Question

Balloons By Sunset (BBS) is considering the purchase of two new hot air balloons so that it can expand its desert sunset tours. Various information about the proposed investment follows:  

Initial investment (for two hot air balloons)	$	415,000
Useful life		9	years
Salvage value	$	55,000
Annual net income generated		33,615
BBS’s cost of capital		12	%

Assume straight line depreciation method is used.
  

Required:
Help BBS evaluate this project by calculating each of the following:  

1. Accounting rate of return. (Round your answer to 1 decimal place.)

        

2. Payback period. (Round your answer to 2 decimal places.)

         

3. Net present value (NPV). (Future Value of $1, Present Value of $1, Future Value Annuity of $1, Present Value Annuity of $1.) (Use appropriate factor(s) from the tables provided. Do not round intermediate calculations. Negative amount should be indicated by a minus sign. Round the final answer to nearest whole dollar.)

         

4. Recalculate the NPV assuming BBS's cost of capital is 15 percent. (Future Value of $1, Present Value of $1, Future Value Annuity of $1, Present Value Annuity of $1.) (Use appropriate factor(s) from the tables provided. Do not round intermediate calculations. Negative amount should be indicated by a minus sign.

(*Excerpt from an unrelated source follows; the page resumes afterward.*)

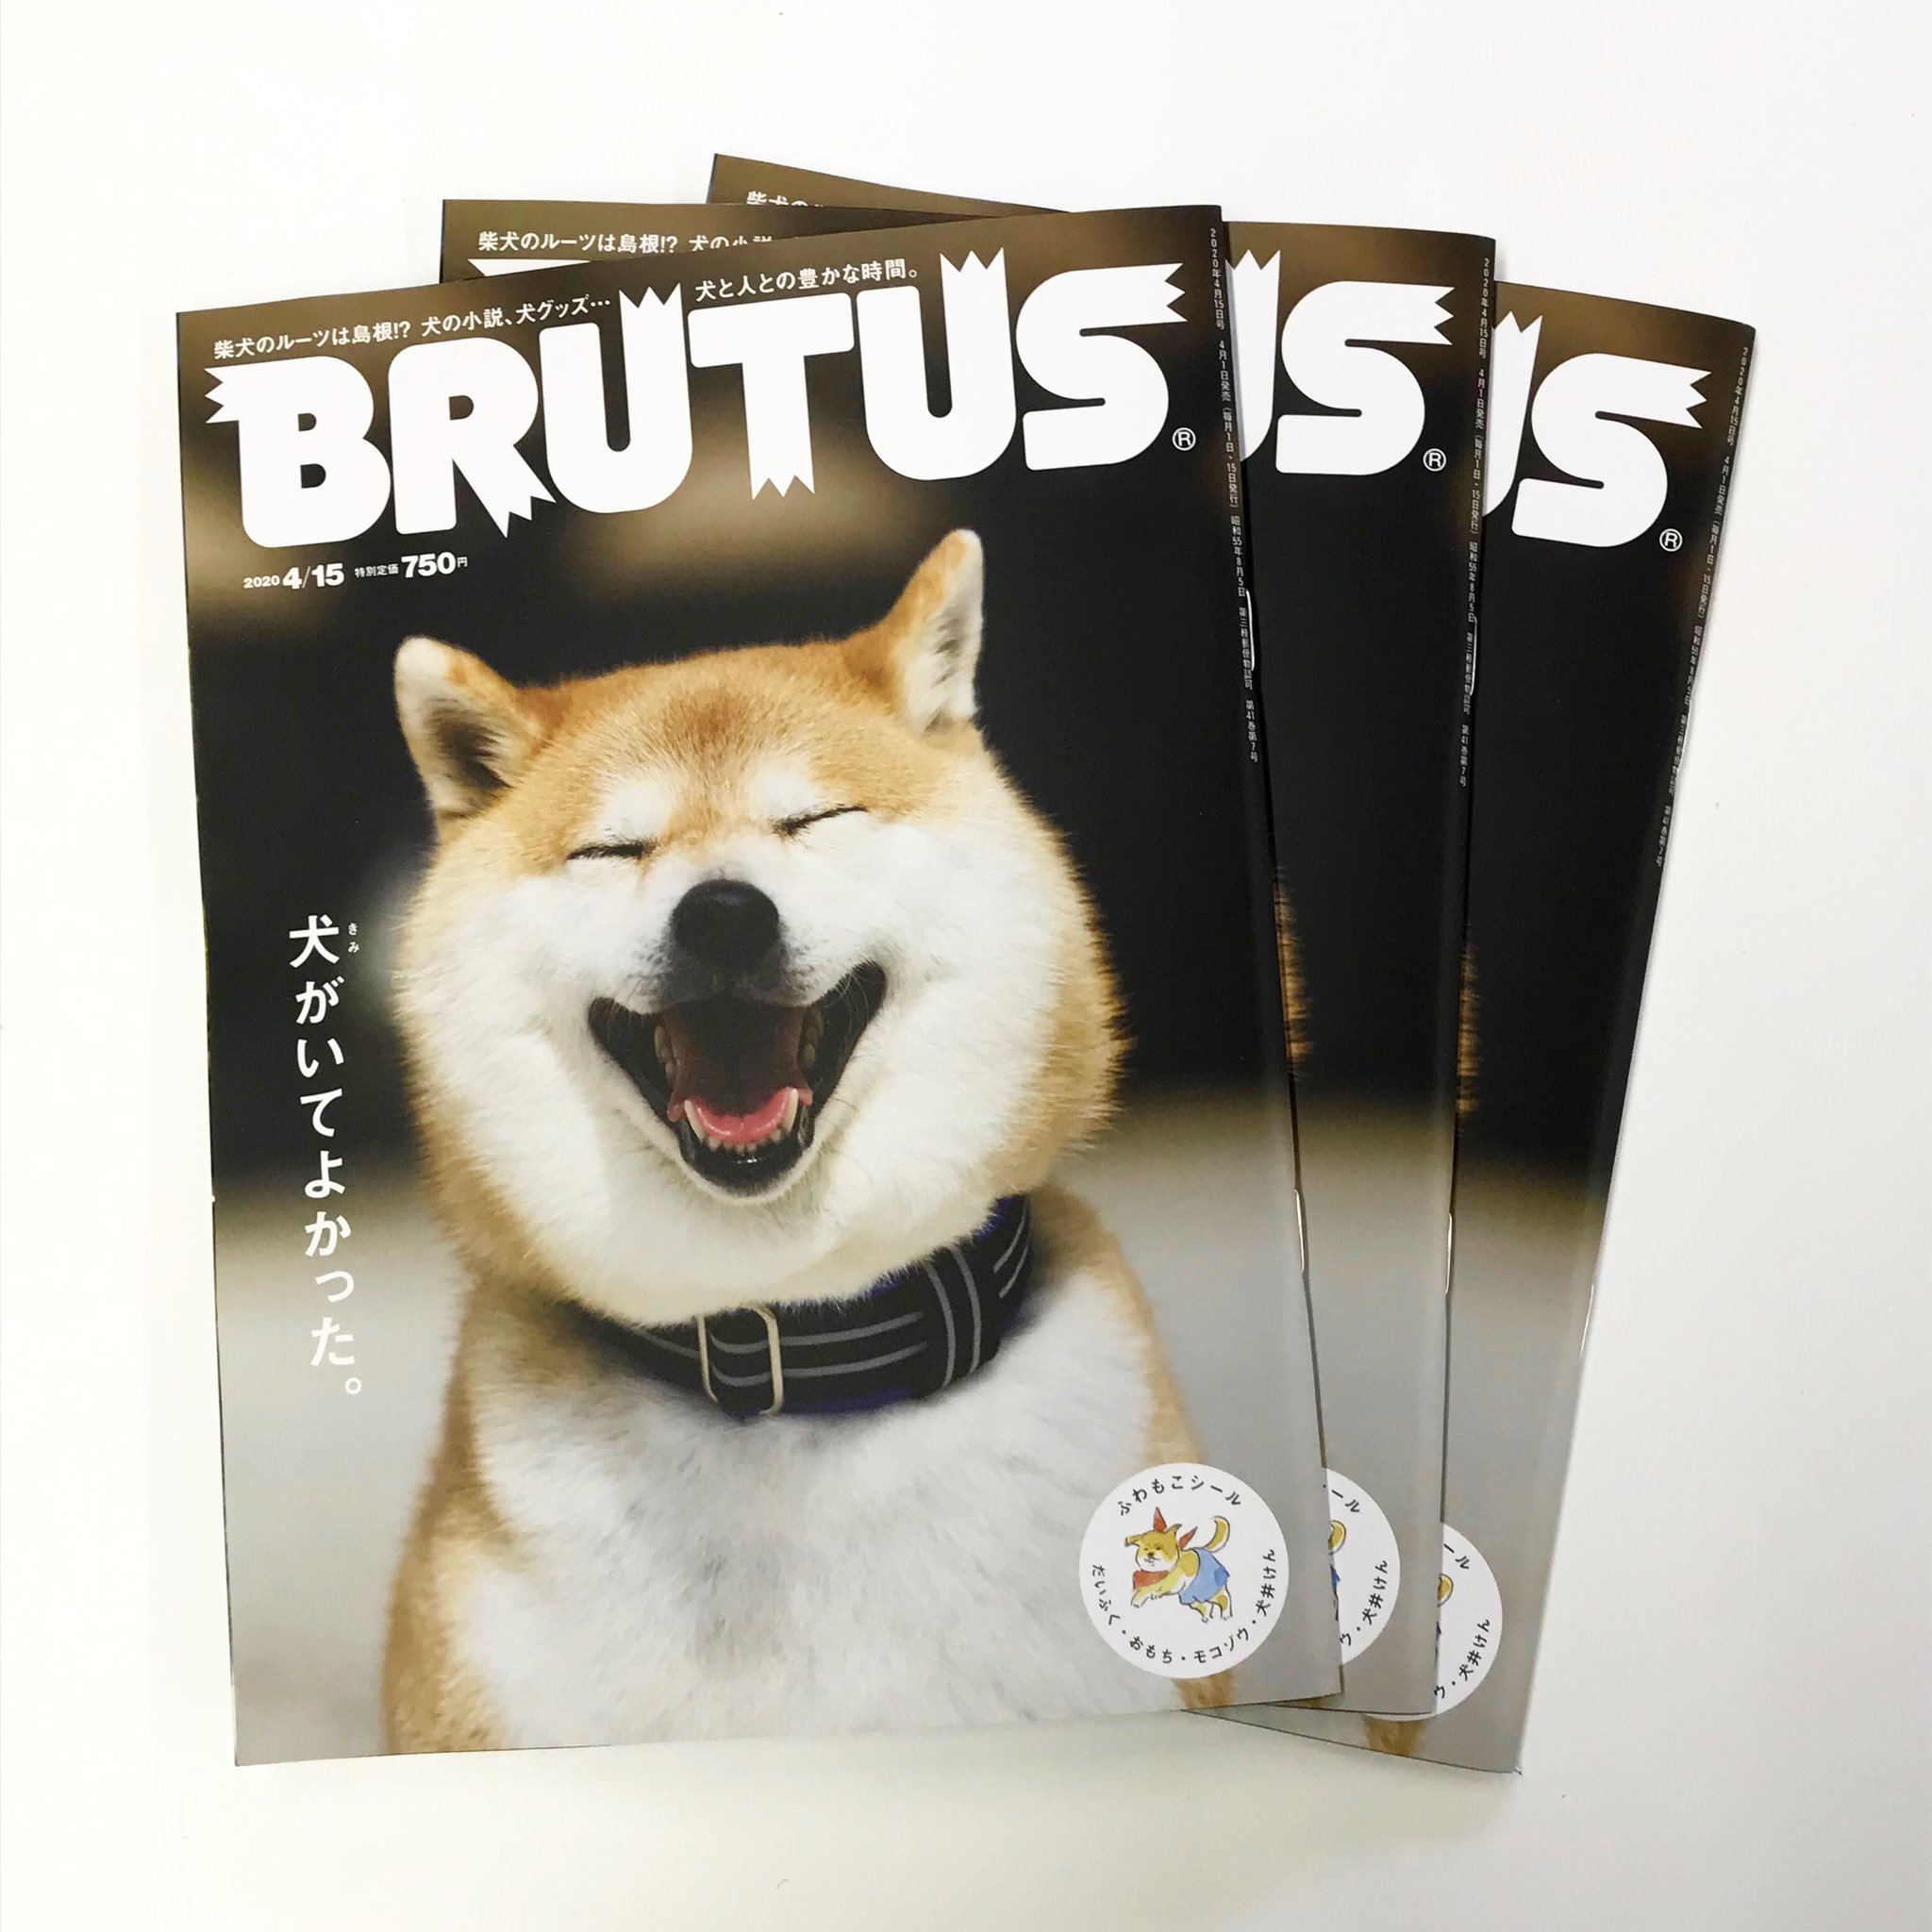 تويتر Brutus على تويتر 犬 特集 4月1日発売 編集部に早刷りが届きました 次号は 犬 きみ がいてよかった ビートたけしさん 氷川きよしさん 愛犬を語るとき 誰もが優しい顔になりました Brutus 犬がいてよかった 犬のいる暮らし T Co

Round the final answer to nearest whole dollar.)

    

Answer 1

(1)-Accounting rate of return

Accounting Rate of return = (Net Income / Initial Investments) x 100

= [$33,615 / $415,000] x 100

= 8.1%

(2)-Payback Period

Straight Line Depreciation Expense = [Initial Investment – Salvage Value] / Useful Life

= [$415,000 - $55,000] / 9 Years

= $360,000 / 9 Years

= $40,000 per year

Annual Cash Flow = Net Income + Depreciation Expenses

= $33,615 + $40,000

= $73,615 per year

Therefore, the Payback Period = Initial Investment / Annual Cash Inflow

= $415,000 / $73,615 per year

= 5.64 Years

(3)-Net present value (NPV) if the cost of capital is 12.00%

Net present value = Present Value of annual cash inflows + Present Value of Salvage Value – Initial Investment

= $73,615(PVIAF 12%, 9 Years) + $55,000(PVIF 12%, 9 Years) - $415,000

= [($73,615 x 5.3282) + ($55,000 x 0.3606)] - $415,000

= [$19,833 + $392,235] - $415,000

= $412,068 - $415,000

= -$2,932 (Negative NPV)

(4)-Net present value (NPV) if the cost of capital is 15.00%

Net present value = Present Value of annual cash inflows + Present Value of Salvage Value – Initial Investment

= $73,615(PVIAF 15%, 9 Years) + $55,000(PVIF 15%, 9 Years) - $415,000

= [($73,615 x 4.7716) + ($55,000 x 0.2843)] - $415,000

= [$15,637 + $351,261] - $415,000

= $366,898 - $415,000

= -$48,102 (Negative NPV)

NOTE

-The formula for calculating the Present Value Annuity Inflow Factor (PVIFA) is [{1 - (1 / (1 + r)ⁿ} / r], where “r” is the Discount Rate/Cost of capital and “n” is the number of years.

-The formula for calculating the Present Value Inflow Factor (PVIF) is [1 / (1 + r)ⁿ], where “r” is the Discount Rate/Cost of capital and “n” is the number of years.